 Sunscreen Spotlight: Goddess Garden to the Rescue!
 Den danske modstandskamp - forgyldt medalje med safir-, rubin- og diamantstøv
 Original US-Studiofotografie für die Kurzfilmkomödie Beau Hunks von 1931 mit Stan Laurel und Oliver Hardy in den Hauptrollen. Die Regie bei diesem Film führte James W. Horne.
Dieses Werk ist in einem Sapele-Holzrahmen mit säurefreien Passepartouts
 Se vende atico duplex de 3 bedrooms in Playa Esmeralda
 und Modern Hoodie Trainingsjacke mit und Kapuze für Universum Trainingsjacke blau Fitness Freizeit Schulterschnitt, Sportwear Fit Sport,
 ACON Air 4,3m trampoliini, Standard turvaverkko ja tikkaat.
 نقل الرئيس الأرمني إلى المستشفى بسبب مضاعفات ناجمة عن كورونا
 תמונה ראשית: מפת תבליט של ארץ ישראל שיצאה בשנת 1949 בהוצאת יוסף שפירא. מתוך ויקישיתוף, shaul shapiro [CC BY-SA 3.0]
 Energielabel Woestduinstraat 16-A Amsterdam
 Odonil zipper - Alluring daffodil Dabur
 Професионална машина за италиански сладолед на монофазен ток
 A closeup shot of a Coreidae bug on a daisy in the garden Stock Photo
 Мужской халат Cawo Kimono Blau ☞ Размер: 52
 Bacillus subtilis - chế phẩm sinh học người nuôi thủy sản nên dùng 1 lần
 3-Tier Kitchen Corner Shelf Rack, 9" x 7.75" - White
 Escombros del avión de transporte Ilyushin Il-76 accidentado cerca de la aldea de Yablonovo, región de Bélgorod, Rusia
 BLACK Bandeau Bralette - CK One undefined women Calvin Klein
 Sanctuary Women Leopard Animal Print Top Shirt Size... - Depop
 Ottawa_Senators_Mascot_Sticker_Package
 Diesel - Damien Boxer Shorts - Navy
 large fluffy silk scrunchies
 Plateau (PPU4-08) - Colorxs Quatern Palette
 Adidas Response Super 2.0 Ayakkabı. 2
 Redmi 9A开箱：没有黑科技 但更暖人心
=-=-=
PROBLEM DETAILS: Retype nothing except the lines from the line holding "Escombros del avión" through the last line of the entries, both included.

REPLY TO THE TASK:
 Escombros del avión de transporte Ilyushin Il-76 accidentado cerca de la aldea de Yablonovo, región de Bélgorod, Rusia
 BLACK Bandeau Bralette - CK One undefined women Calvin Klein
 Sanctuary Women Leopard Animal Print Top Shirt Size... - Depop
 Ottawa_Senators_Mascot_Sticker_Package
 Diesel - Damien Boxer Shorts - Navy
 large fluffy silk scrunchies
 Plateau (PPU4-08) - Colorxs Quatern Palette
 Adidas Response Super 2.0 Ayakkabı. 2
 Redmi 9A开箱：没有黑科技 但更暖人心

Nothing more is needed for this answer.